Cody, and to an extent Park County, miss out on many large group conferences and other events each year because there isn't a building in Cody able to handle 500-plus people.

Determining whether the Park County Complex may offer a solution to that problem is the first step of the latest multi-governmental push to look at an events center in Cody able to handle more than the 300 people that current spaces such as the Holiday Inn and the museum are limited to.

“We’ve talked about opening up the middle and top floors of the complex for 500 plus groups — it wouldn’t necessarily compete with existing operations,” said Cody Mayor Matt Hall, who was joined by Buffalo Bill Center of the West Director of Revenue Bruce Sauers and Park County Travel Council Executive Director Ryan Hauck in presenting to commissioners.

Sauers, who is also on the board of the group that puts on the Winchester Gun Show each year in Cody, said the group could’ve added another 50 tables if they had the space. Now, the show will need a new venue regardless in a couple of years because Riley Arena will no longer be available due to a plan to keep the ice down for most of the year.

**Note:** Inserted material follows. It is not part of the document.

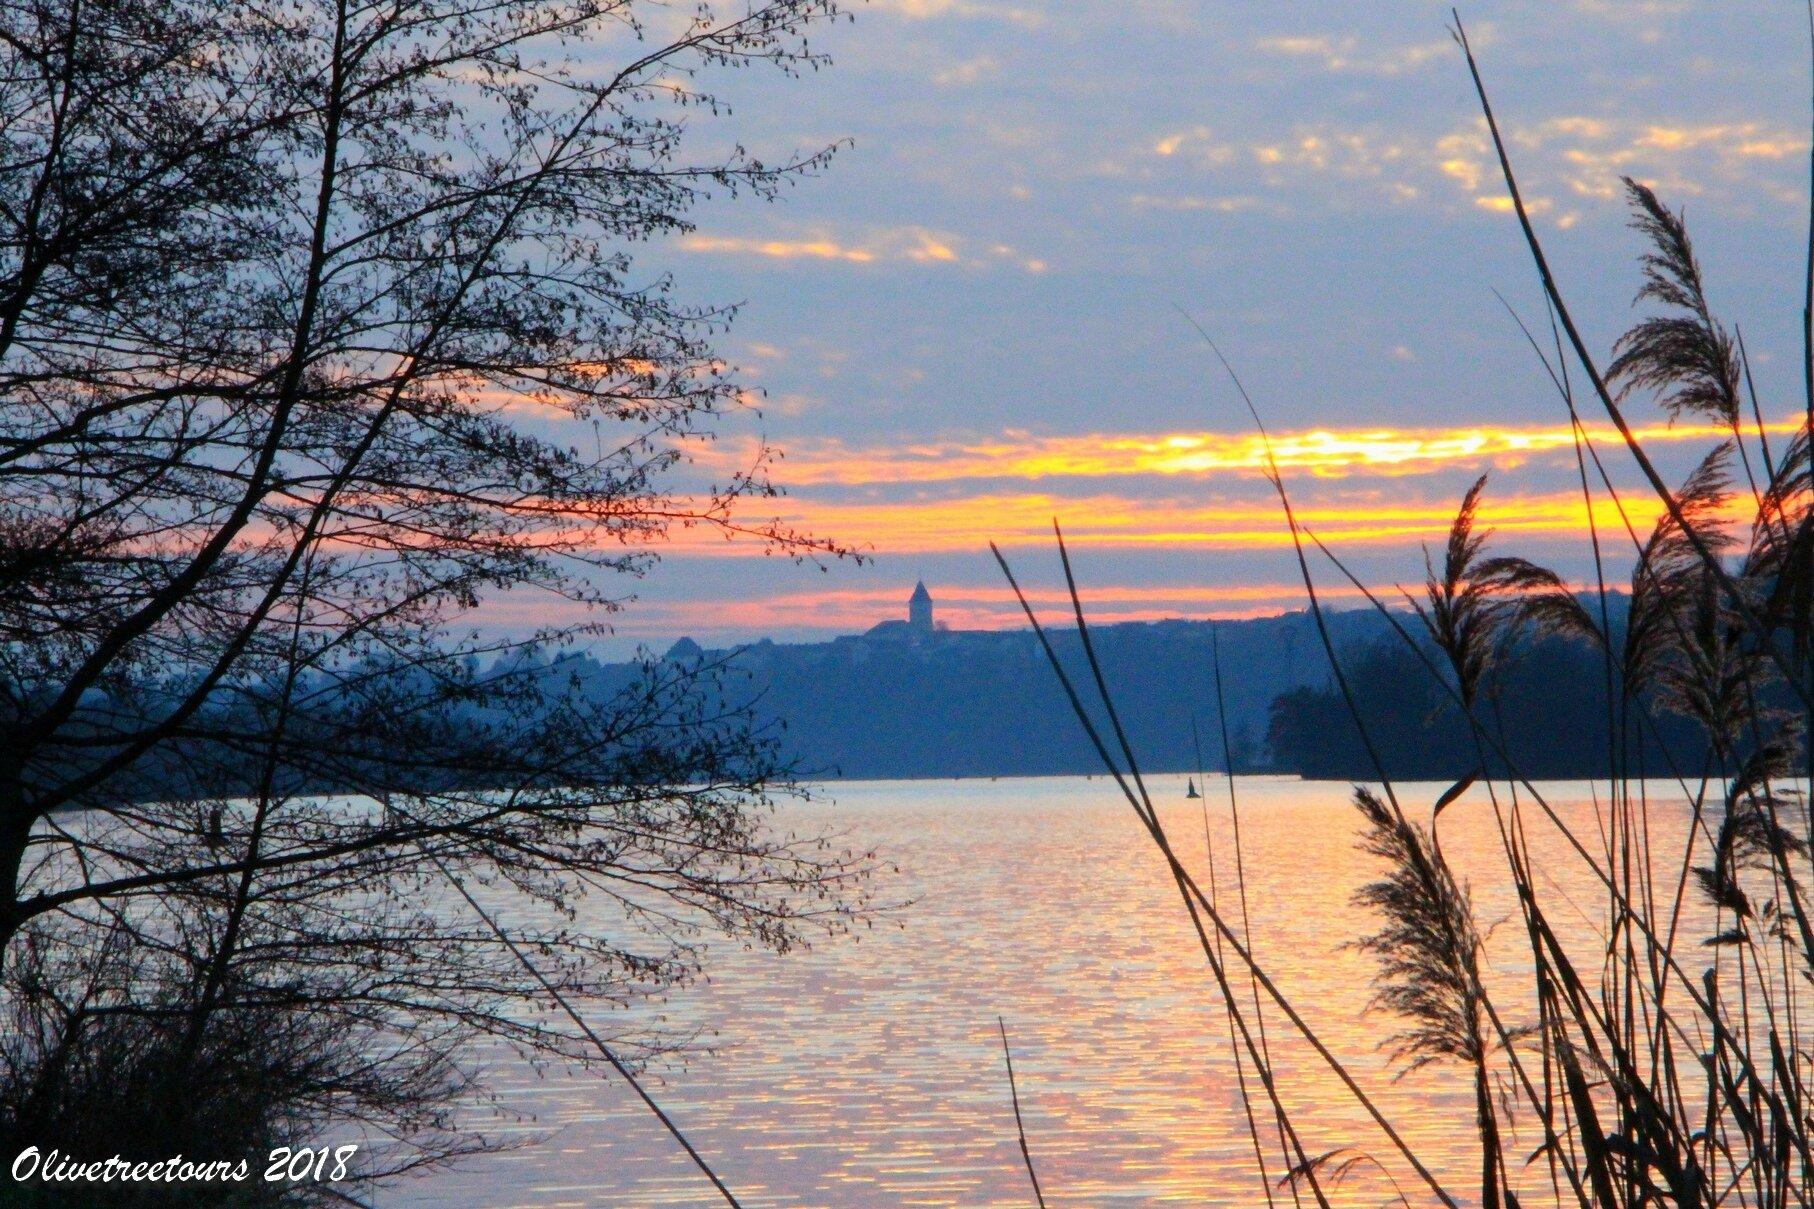 Un coucher de soleil hivernal / A winter sunset

“We feel like this is an opportunity,” Hall said, noting that a new Cody convention center would impact not just Cody but Powell and the whole Big Horn Basin to an extent. “It would be a real opportunity to do something that would impact the whole area.”

Sauers said many of the people who come to conferences in places like Cody are also apt to come to town a few days early and stay a few days after, in large part to take advantage of attractions such as Yellowstone National Park.

He said people with SHOT Show, the massive firearms manufacturer trade show in Las Vegas, are interested in holding a trade show in Cody, but they would want 500-700 people to be able to come.

“I think there's an opportunity we may be missing,” he said. “A larger capacity conference center would be beneficial to the community at large.”

The county acquired the more than 116,000-square-foot building and the 22-acre campus from Marathon Oil Company in 2005. While the ground floor is largely taken over by the Cody Library, the upper two floors have seen a variety of organizations rent suites from the county, including Northwest College’s Cody campus and the Department of Family Services.

Commissioner Lloyd Thiel said that before a committee was formed, he wanted to have a structural engineer go through the building and determine its viability for renovation and its capacity to hold more than 500 people.

Commissioners agreed to have the county engineer look into the cost of setting that up. Brian Edwards predicted it could be done for roughly $10,000.